- Rajgram Location in West Bengal, India Rajgram Rajgram (India)
- Coordinates: 24°32′34″N 87°50′58″E﻿ / ﻿24.542789°N 87.849471°E
- Country: INDIA
- State: West Bengal
- District: Birbhum

Government
- • Type: Panchyat
- • Body: Rajgram nagar panchyat

Area
- • Total: 7 km^{2} (2.7 sq mi)

Population (2011)
- • Total: 8,378
- • Density: 1,200/km^{2} (3,100/sq mi)

Languages
- • Official: Bengali, Vojpuri
- Time zone: UTC+5:30 (IST)
- PIN: 731222 (Rajgram)
- Telephone code: 03465
- Lok Sabha constituency: Birbhum
- Vidhan Sabha constituency: Murarai
- Website: birbhum.nic.in

= Rajgram, West Bengal =

Town in West Bengal, Birbhum

Rajgram is a village and Nagar panchayat in Murarai I CD block in Rampurhat subdivision of Birbhum district in the Indian state of West Bengal.

==Geography==

===Location===
Murarai, the CD block headquarters, is 9 km away from Rajgram. Suri, the district headquarters, is 103 km away.

===Gram panchayat===
Villages in Rajgram gram panchayat are: Ambhua, Banarampur, Barua Gopalpur, Bhadrakali, Rajgram and Santoshpur.

===Overview===
The northern portion of Rampurhat subdivision (shown in the map alongside) is part of the Nalhati Plains, a sub-micro physiographic region, and the southern portion is part of the Brahmani-Mayurakshi Basin, another sub-micro physiographic region occupying the area between the Brahmani in the north and the Mayurakshi in the south. There is an occasional intrusion of Rajmahal Hills, from adjoining Santhal Parganas, towards the north-western part of the subdivision. On the western side is Santhal Parganas and the border between West Bengal and Jharkhand can be seen in the map. Murshidabad district is on the eastern side. A small portion of the Padma River and the border with Bangladesh (thick line) can be seen in the north-eastern corner of the map.96.62% of the population of Rampurhat subdivision live the rural areas and 3.38% of the population live in the urban areas.
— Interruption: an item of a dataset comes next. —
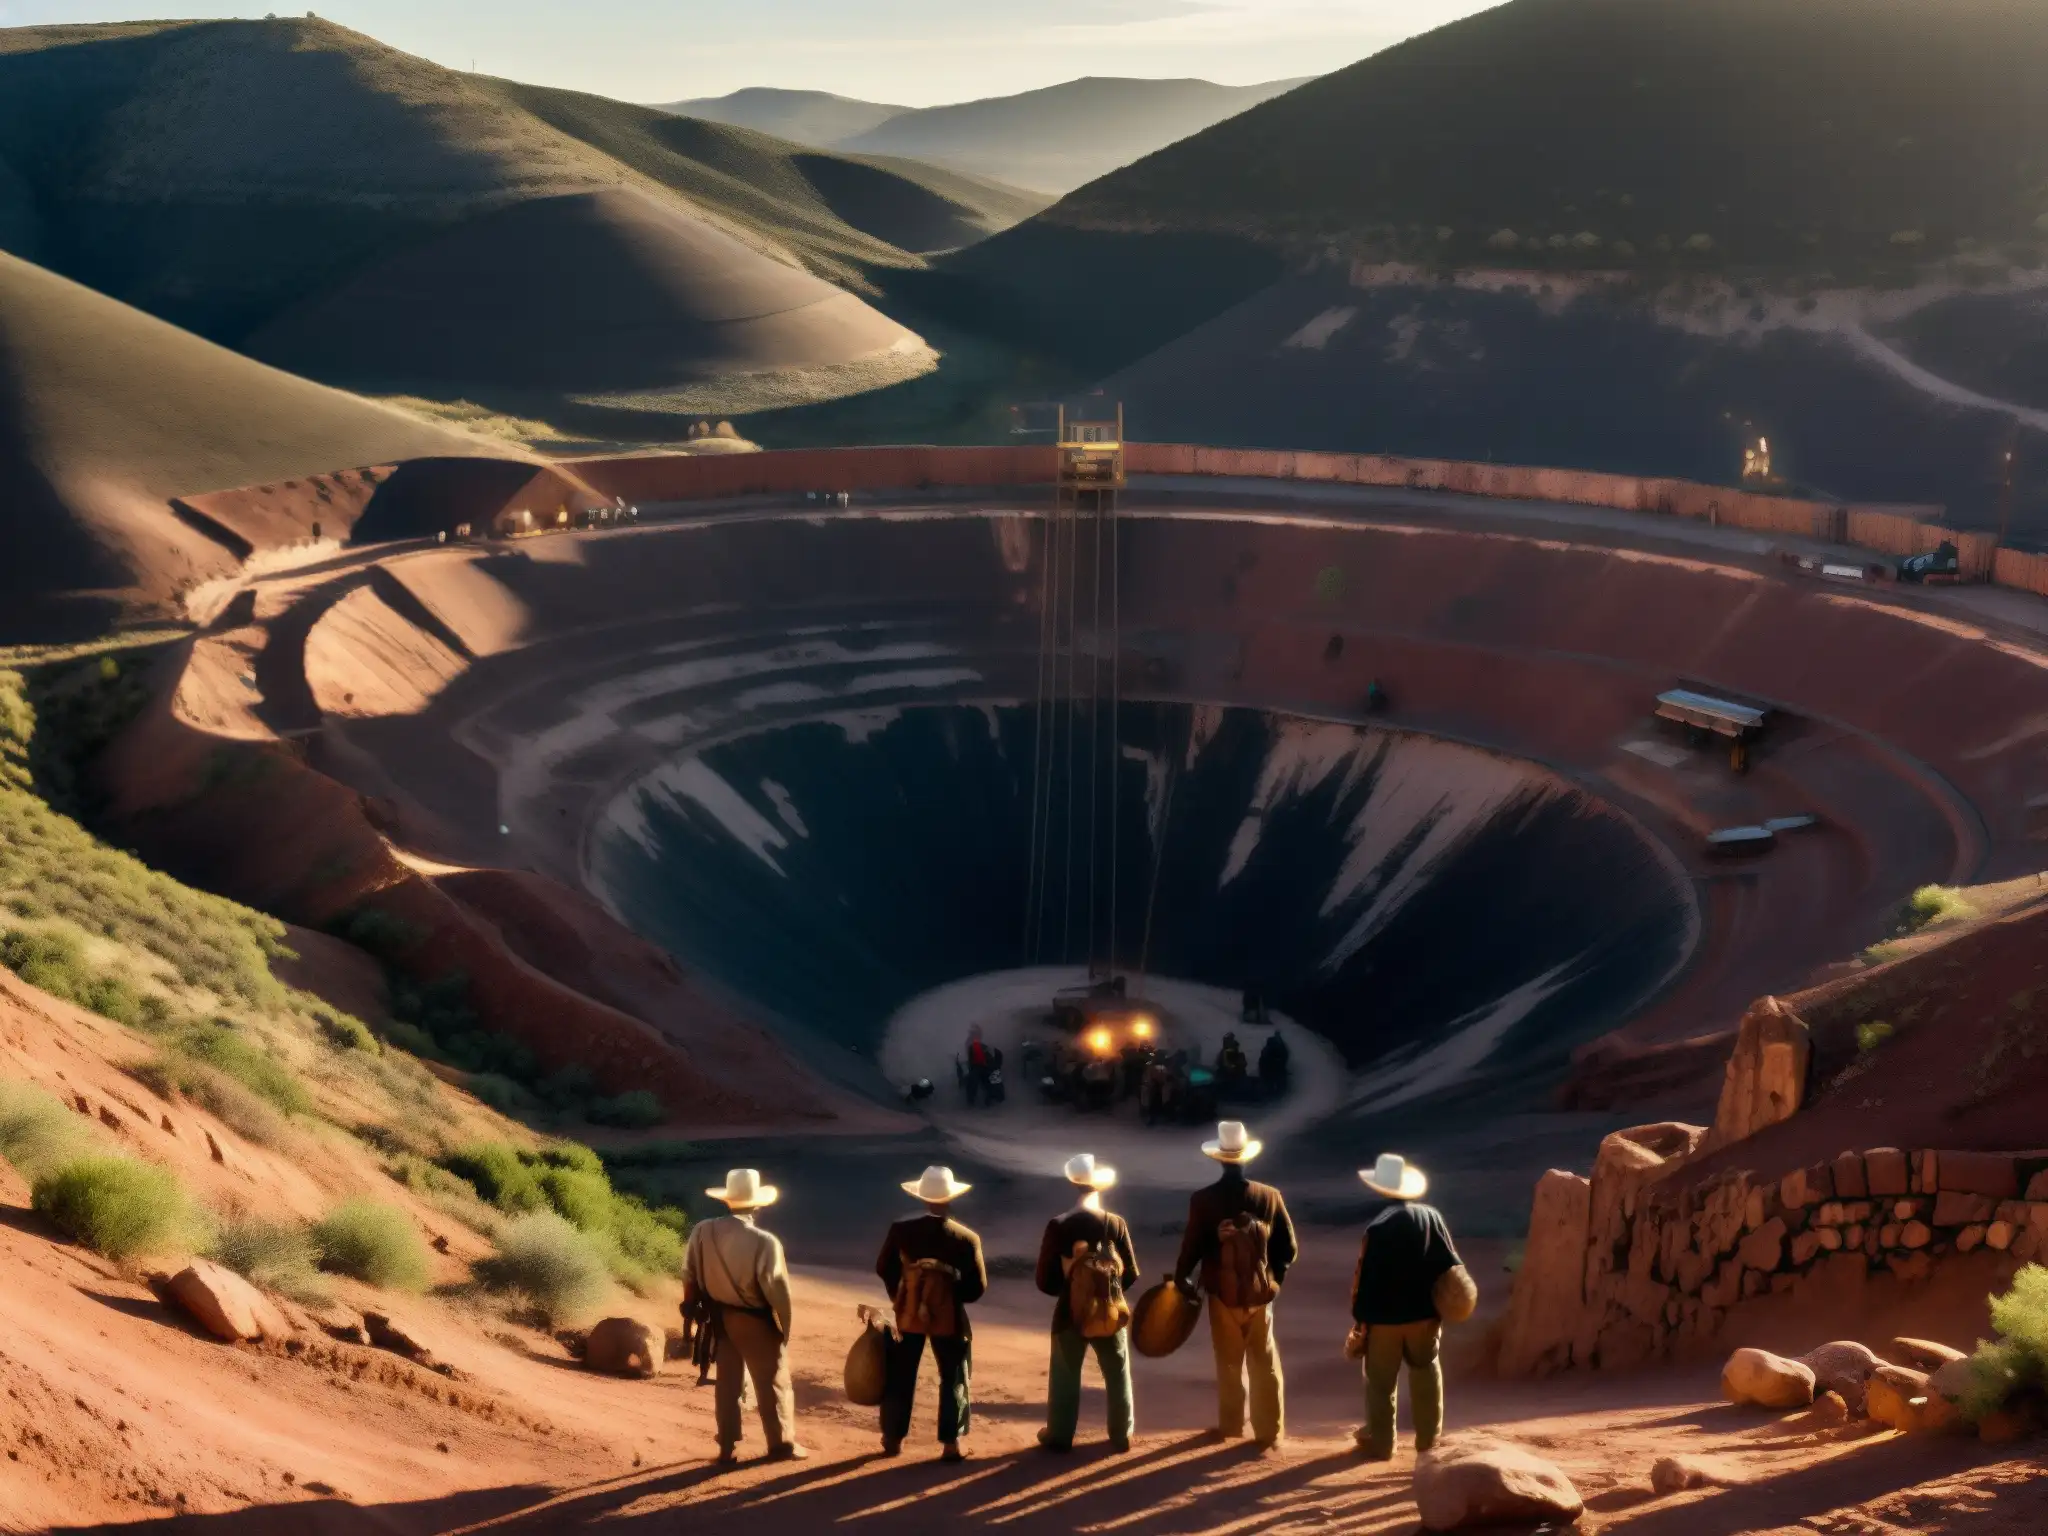 Un grupo de mineros en Zacatecas, México, es observado por un misterioso duende protector en una mina oscura

Note: The map alongside presents some of the notable locations in the area. All places marked in the map are linked in the larger full screen map.

==Demographics==
As per the 2011 Census of India, Rajgram had a total population of 8,378 of which 4,284 (51%) were males and 4,094 (49%) were females. Population below 6 years was 1,596. The total number of literates in Rajgram was 3,238 (47.74% of the population over 6 years).

==Transport==

State Highway 7, running from Rajgram to Midnapore, originates from Rajgram. A road links Rajgram to Kanupur on National Highway 12.

Rajgram railway station is on the Sahibganj loop. It is the last station in West Bengal.

==Healthcare==
Rajgram has a primary health centre with 20 beds.